* [INSTRUCTIONS FOR THE TASK]:
Everything from the line containing "Blaues, rotes und" to the last line of the listing below should be restated exactly, both ends included, with nothing added and the pictures omitted.

* [SUPPLIED MATERIAL]:
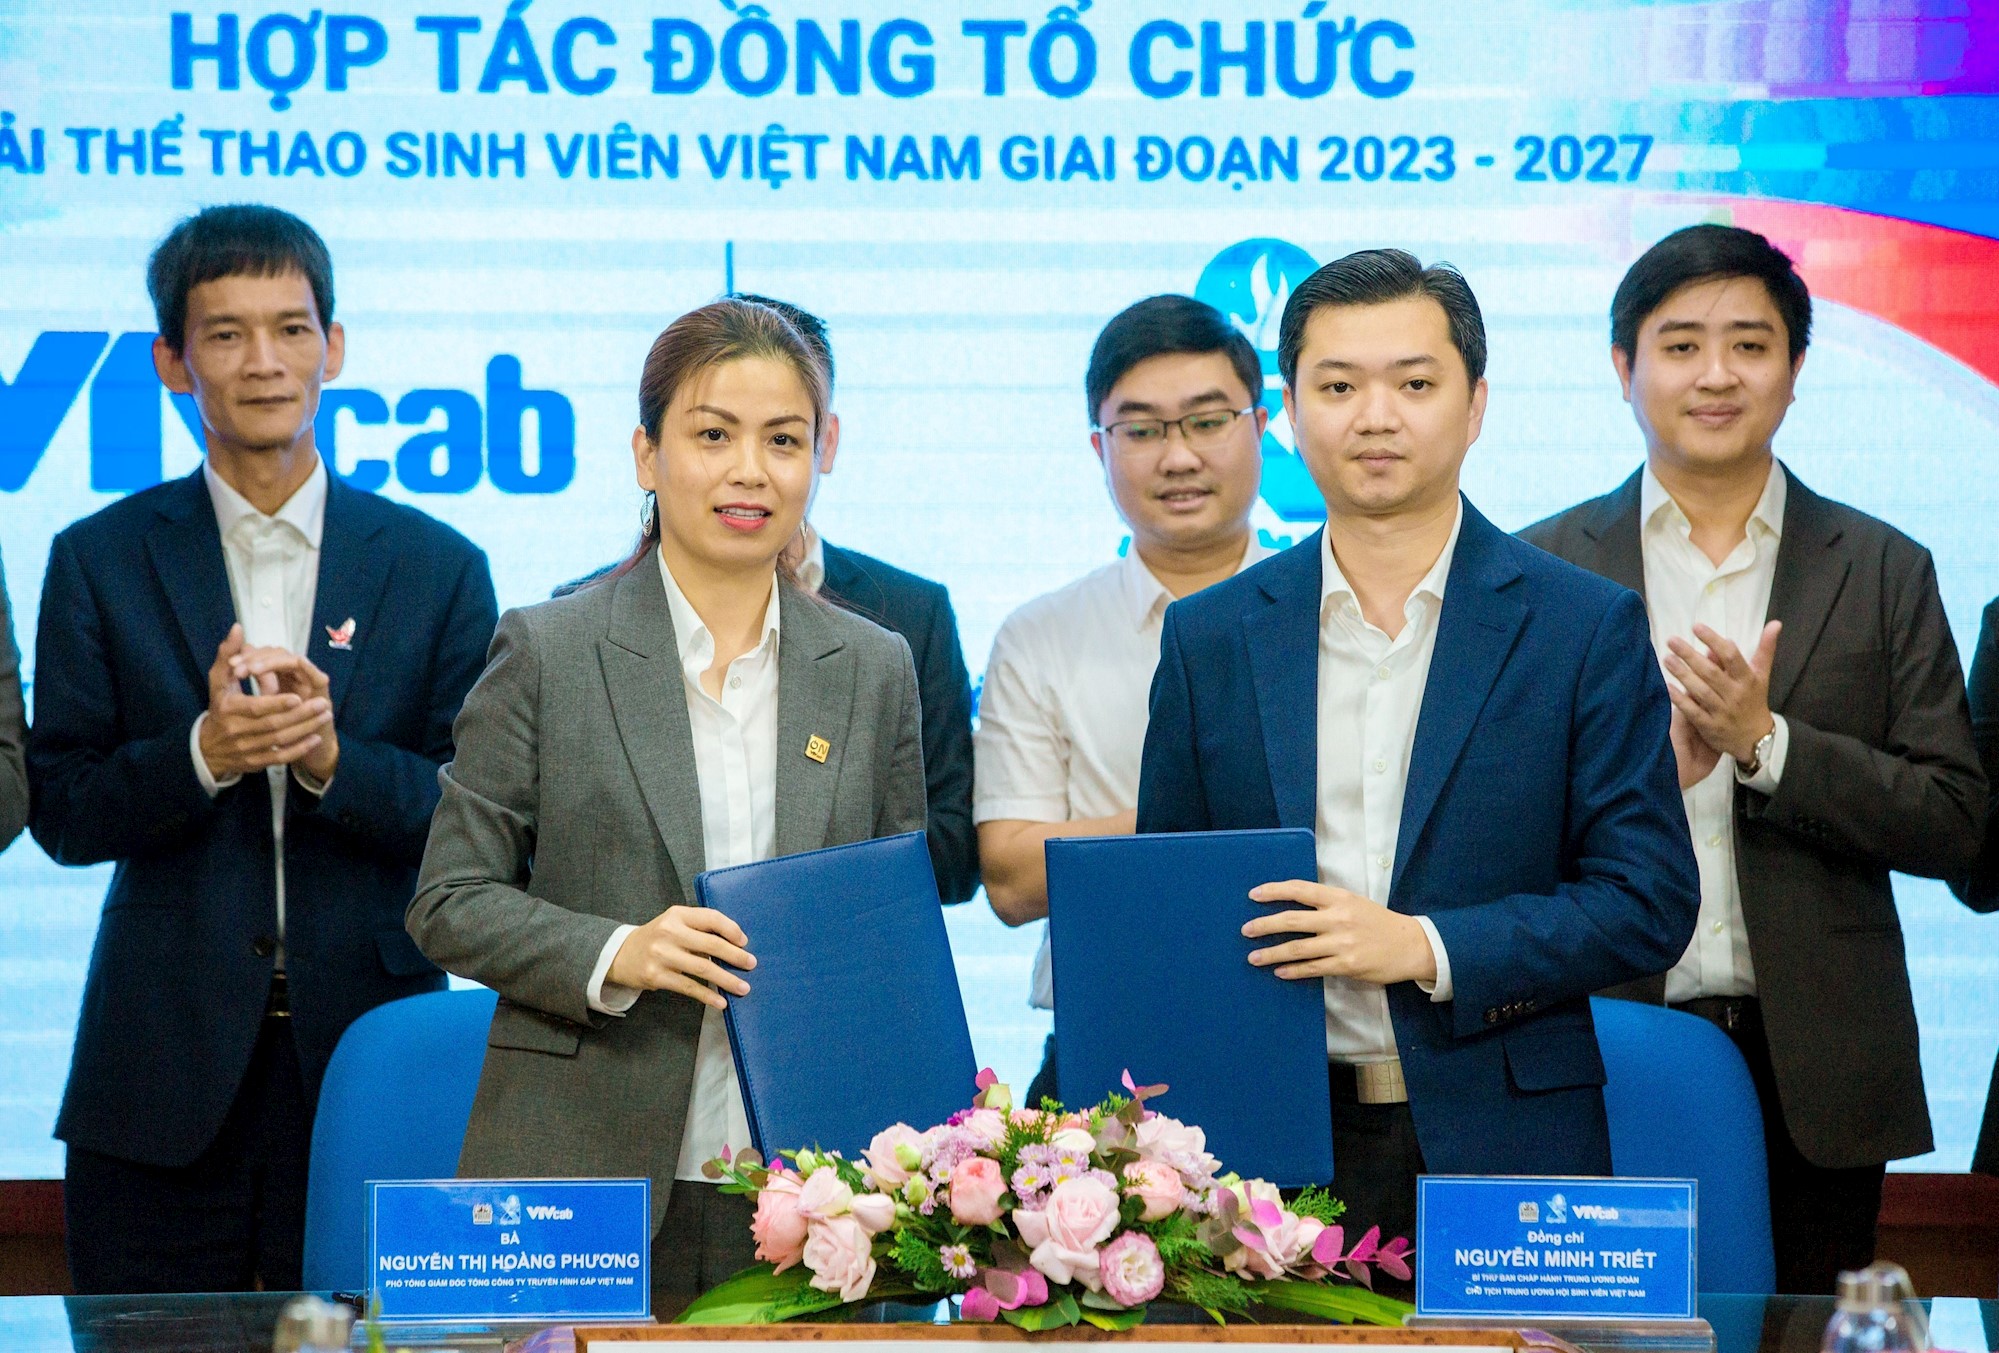 Trung ương Hội sinh viên Việt Nam và VTVcab phối hợp tổ chức Giải thể thao Sinh viên Việt Nam
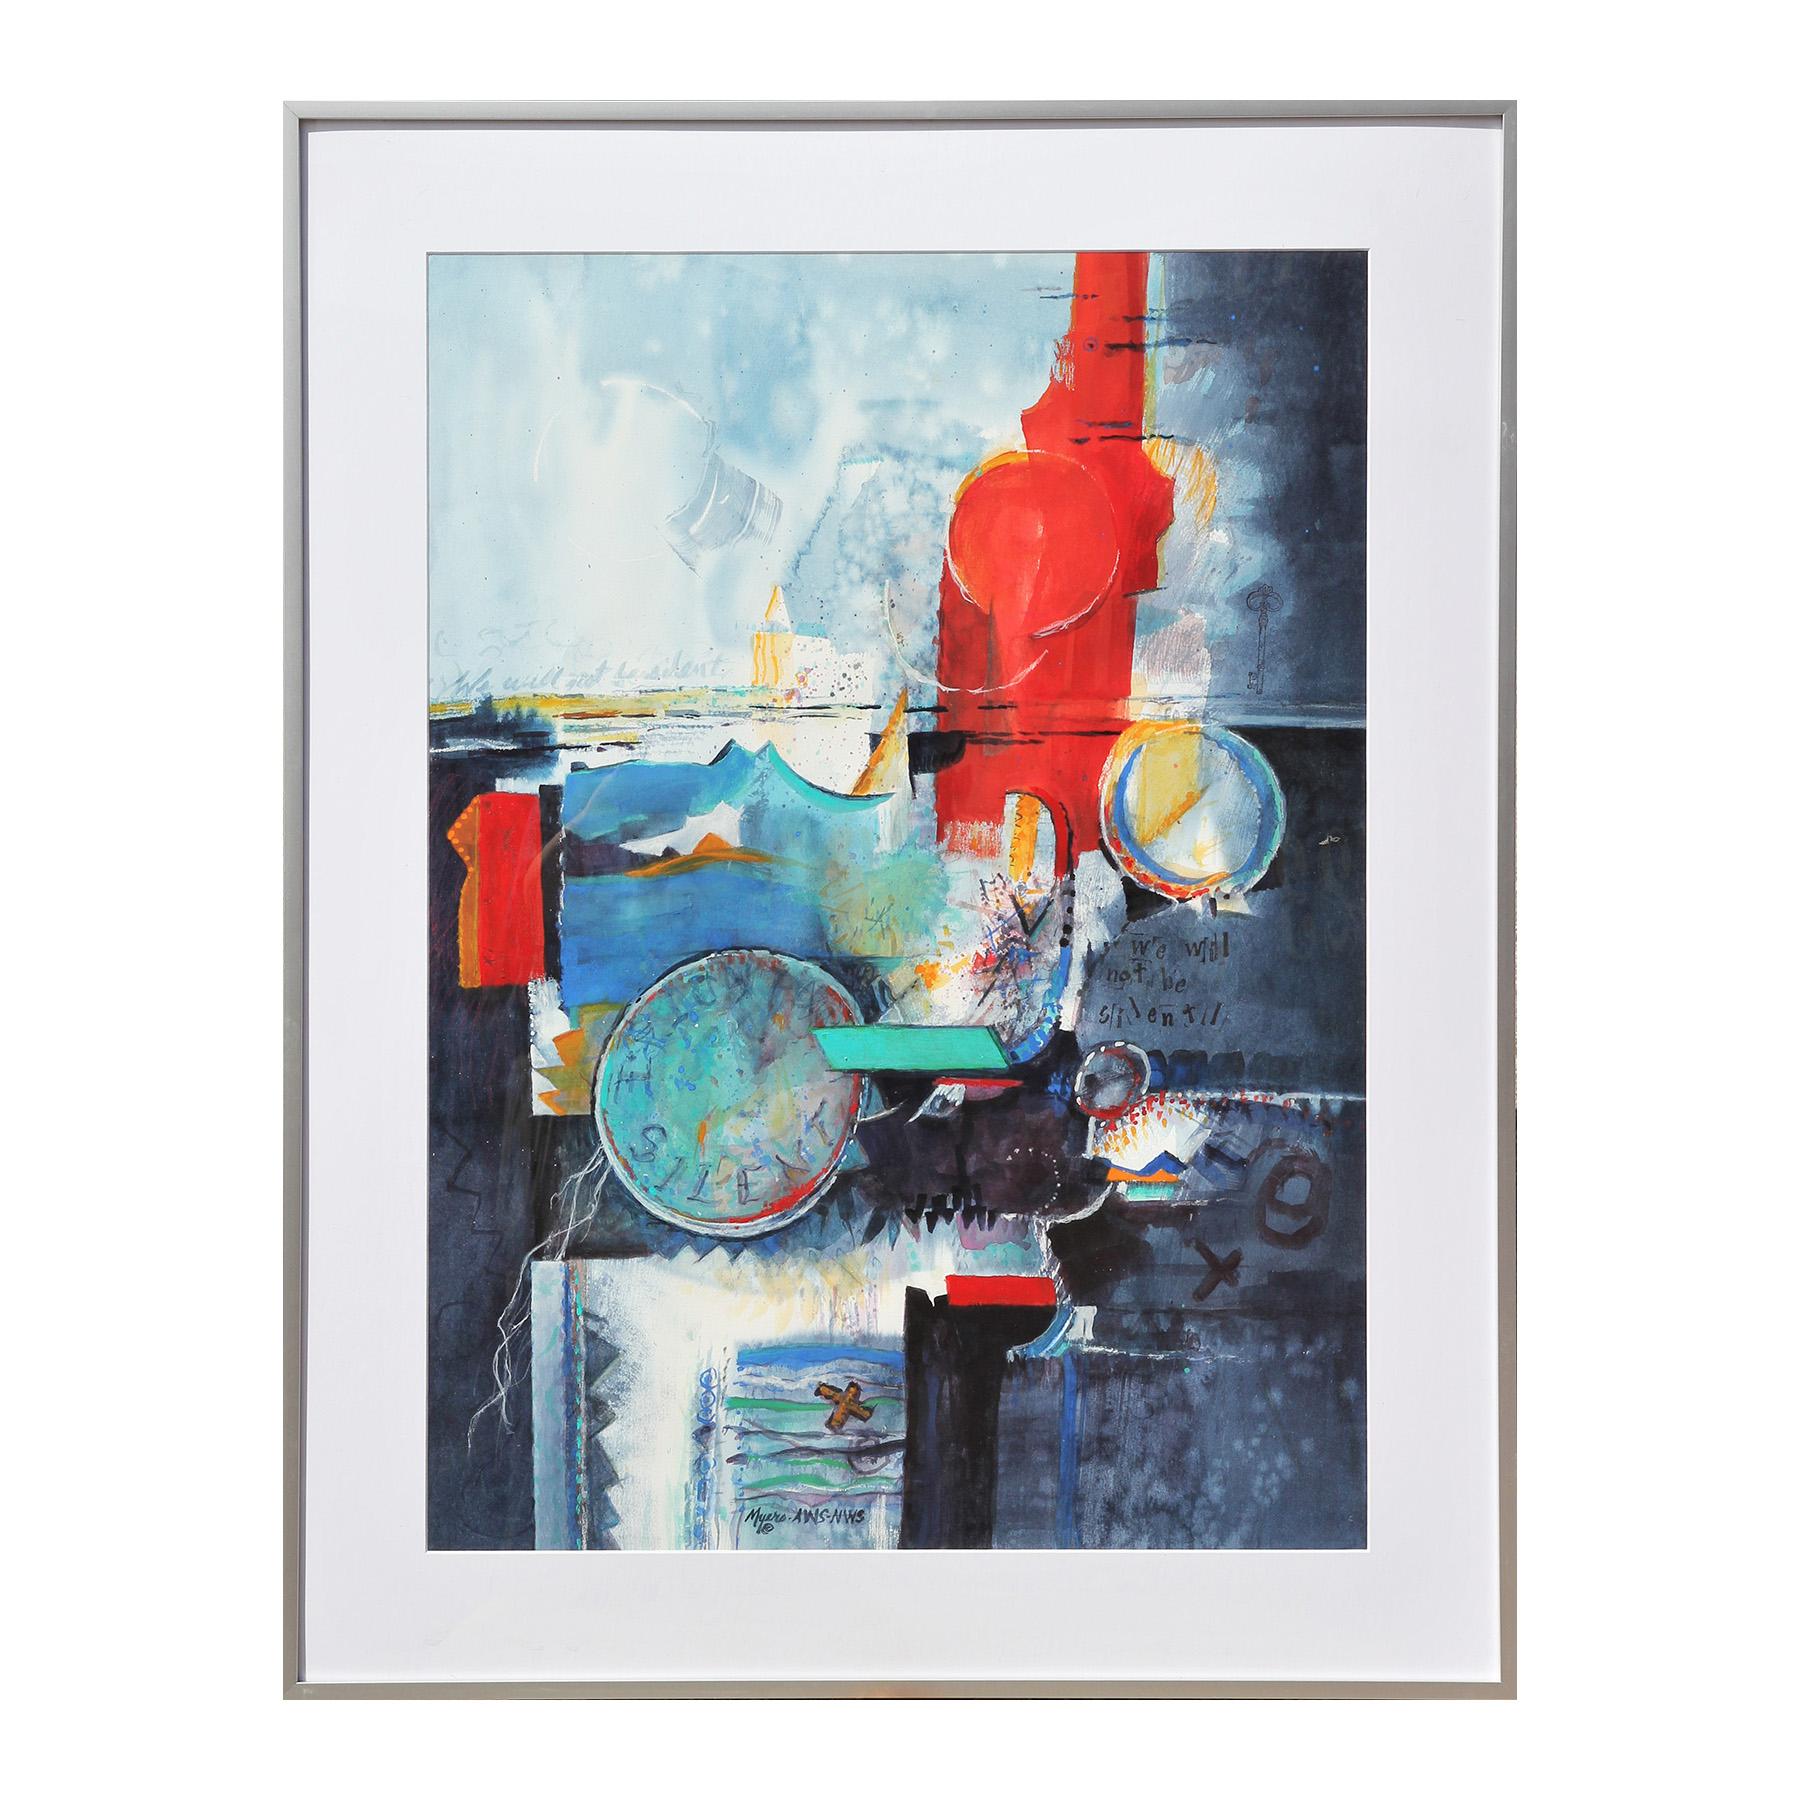 Blaues, rotes und gelbes modernes abstraktes Mixed-Media-Gemälde der texanischen Künstlerin Carole Myers. Das Werk zeichnet sich durch ausdrucksstarke Farbstriche aus, in denen der Satz 
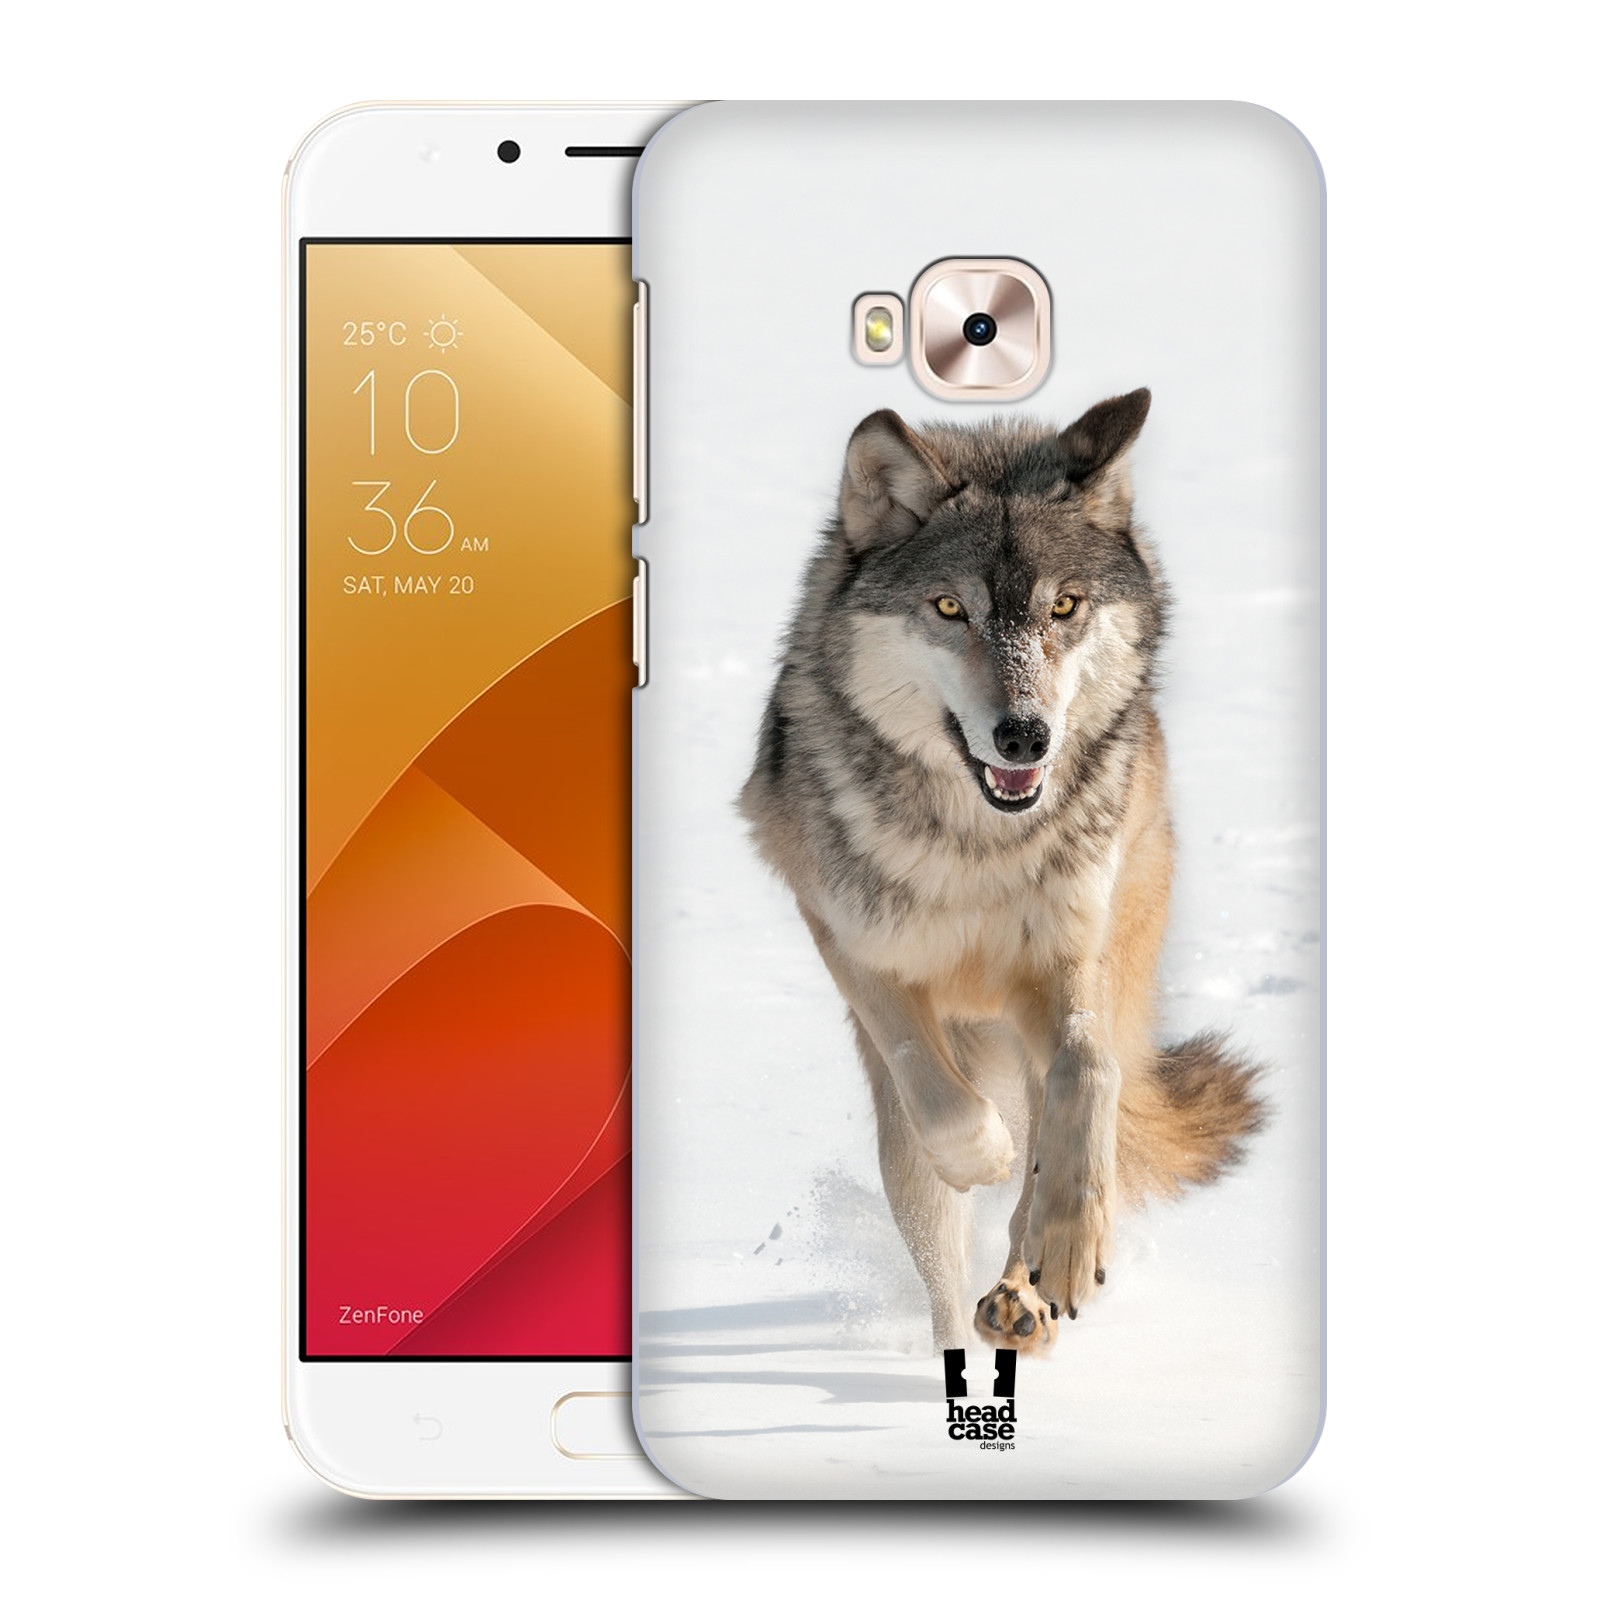 Zadní obal pro mobil Asus Zenfone 4 Selfie Pro ZD552KL - HEAD CASE - Svět zvířat divoký vlk

* [RESPONSE BELOW]:
 Blaues, rotes und gelbes modernes abstraktes Mixed-Media-Gemälde der texanischen Künstlerin Carole Myers. Das Werk zeichnet sich durch ausdrucksstarke Farbstriche aus, in denen der Satz 
 Zadní obal pro mobil Asus Zenfone 4 Selfie Pro ZD552KL - HEAD CASE - Svět zvířat divoký vlk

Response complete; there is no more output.